Hillary- Admit that you would use the same style, and core staff, as your husband. Also reassure us as you did in ’92 that we get both of you. Tell me why I should expect my life to get any better if you are President. Prove to me you have not sold out to corporate interests. Convince me I am not supporting another Republican named Clinton.

Obama- Give me some substance. Specifics about what you would do on health care. How would you fix the middle class squeeze. Get us out of Iraq. Not just flowery platitudes about vision. I want specifics. I also want to know who is behind your rapid rise from obscurity. To me you are just another W from a different state, and in a different suit, hand picked, groomed, and anointed, by the energy and agribusiness industry.

Edwards- Cut off your hair. It is a distraction. If you want me to take you seriously show me you care more about your ideas than your image or your appearance. Get a buzz cut and show me you really want to be President for the right reasons. Right now I think it is just ego.

To all-Figure out a way to let me hear your vision. Your plan. Not the message the main stream media want me to hear. Not your image. What you really believe and want to accomplish to make this a better country for us, and a better world for all.

Monday, April 23, 2007

The True Test of Electability

This a reworked email from January 22, 2007. I am reposting it here because of questions I have received. It is probably worthwhile to review because not a lot has changed except the amount of money raised among the candidates:

It is interesting to think about the concept of electability. "On The Media" did an very good piece on Dennis Kucinich back in January, You can listen to it here: http://www.onthemedia.org/ (January 19, 2007)

It is increasingly apparent that the main stream news media try to effect who is "electable" by deciding which candidates get covered and how they are covered. I can't claim to understand the motives of the main stream news media, but I do know that competent government, and peace, don't sell as much advertising as incompetence and war.

Of the candidates on the Democratic side. Bill Richardson is both the most experienced and the most electable. While not the front runner today, it is often interesting to watch Iowa and New Hampshire knock people out of the front runner status.

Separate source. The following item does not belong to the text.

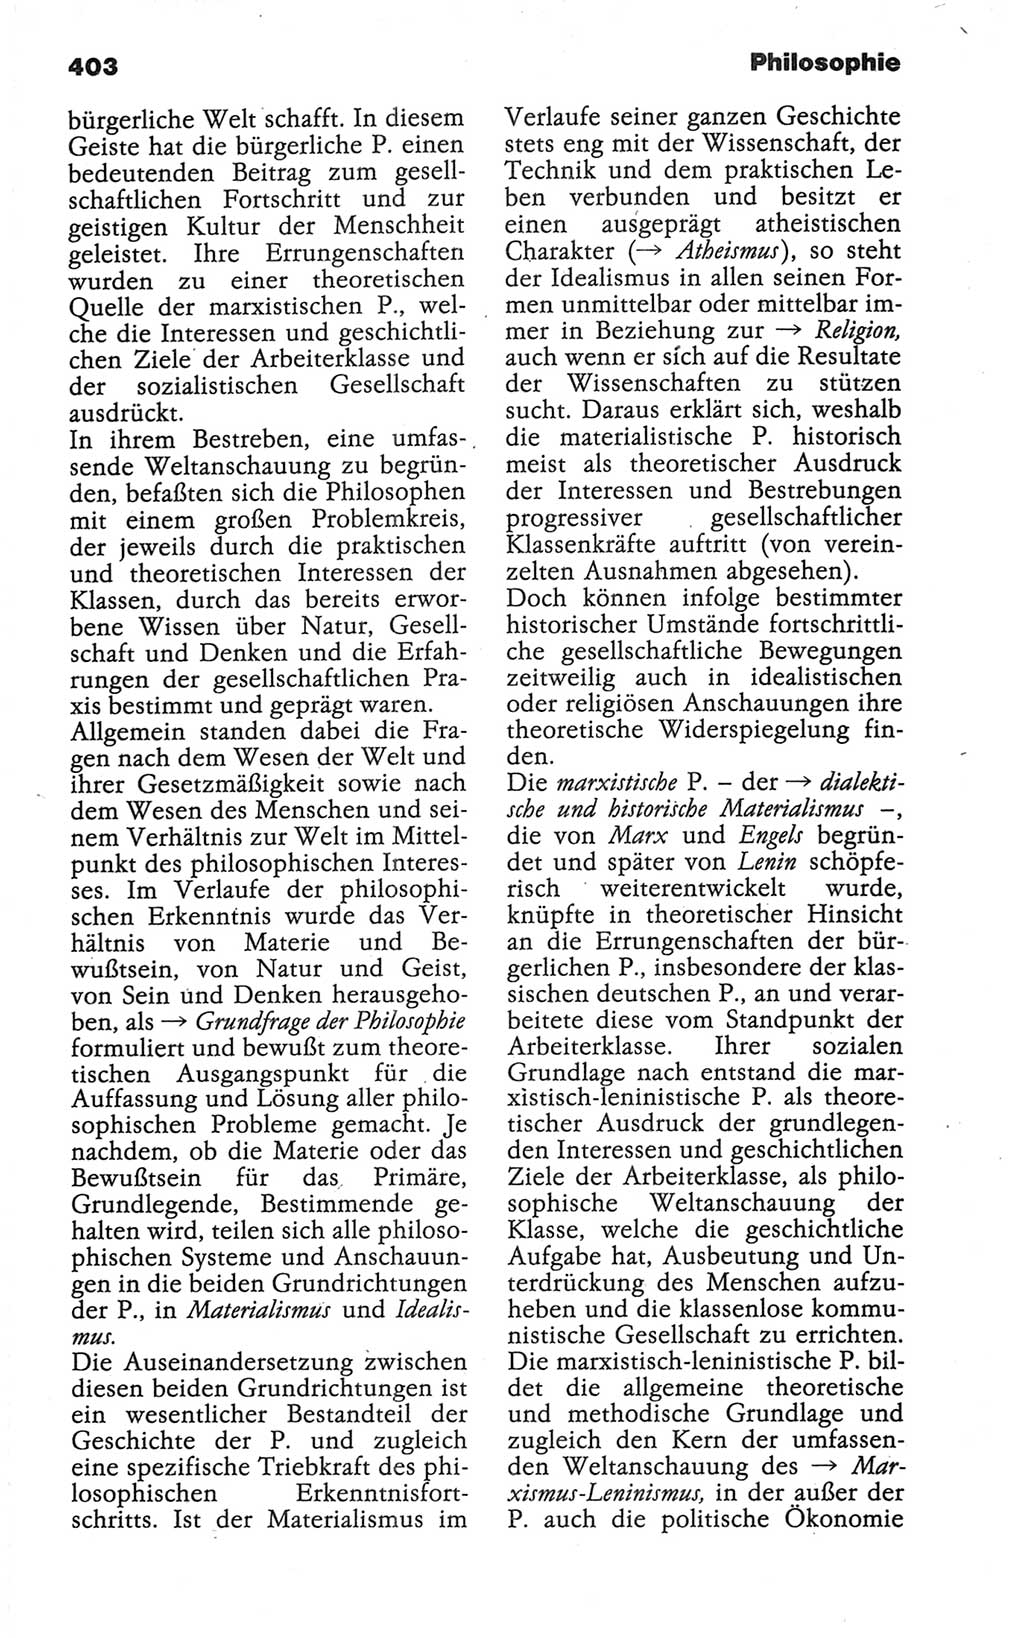 Wörterbuch der marxistisch-leninistischen Philosophie [Deutsche Demokratische Republik (DDR)] 1986, Seite 403 (Wb. ML Phil. DDR 1986, S. 403)

I base my own electability statement on statistics. I know people don't want to believe statistics. Especially those in the news media, except when they suit the spin they want on the story. However, in the last 80 years, or during the lives of 99.997% of Americans alive today, we have elected exactly 1 person President, who was a Senator. Further in the last 60 years, only a single person claiming to be from a northern or eastern state has been elected President. ( In both cases that person was John F. Kennedy) Now, you may not want to believe the statistics, you may want to believe that this time it is different. Perpetuating that belief and covering the horse race, sells adverts. Here is the thing. Being the governor of a southwestern state gives Richardson something like a 5 to 1 advantage over the other candidates going in. Remember Bill Clinton? Governor of a small southern state? Didn't have a chance in 1992, before New Hampshire, did he? But he "stole" the Presidency from Bush 41.

So, perhaps we are seeing among the Democrats the race for vice President. This is the office Obama, and Hillary and Edwards really want, because serving as vice President makes one much more electable. Serving 8 years under a President Richardson, makes one a shoe in for the Presidency in 2016.

This is not the way the MSM will cover it, but the MSM have the credibility of used car salesmen. Also nothing in life is certain. There are only degrees of probability. But I tend to be 3 steps ahead of the rest of the world. I am not using a crystal ball either. Just history and numbers. Those have a way of being right 99.73%* of the time.

What Democrats need to do is to be more like Republicans in this respect: Stop being lead around by the news media. Democrats are not how the MSM portrays them. They just believe they are. If the Democrats would get behind a real candidate early, it would be amazing what we could accomplish. However, the divide and conquer strategy used by the conservatives and the MSM since 1975 has worked well, keeping liberal ideals from being institiutued.

*The 99.73% number is a statistical limit called the 3 sigma limit which defines a normal distribution. Within the 3 sigma limits events are distributed on a Gaussian (bell) curve around the mean. Events falling outside the 3 sigma limits are considered special cause events. They are very rare and extraordinary. From the standpoint of statistical theory, to elect a non male, or non European, Senator, (as opposed to Governor or Vice President) President would be truly extraordinary. Statistically our first woman or non european President will most likely be the Governor of a southern or western state, or as mentioned above someone who has served as vice President.

A Question of Values

I like John Edwards, I really do. I think he is a fine person who pulled himself up by the bootstraps and made a lot of money fighting for people who could not afford to fight for themselves unless a trial lawyer would take their case on contingency. I like some of his ideas too. But he is not Presidential material. Perhaps after serving 8 years as Gore’s VP he would have been, but he does not have enough experience in a large organization or a bureaucracy to be effective as President. Neither do Hillary, or Obama.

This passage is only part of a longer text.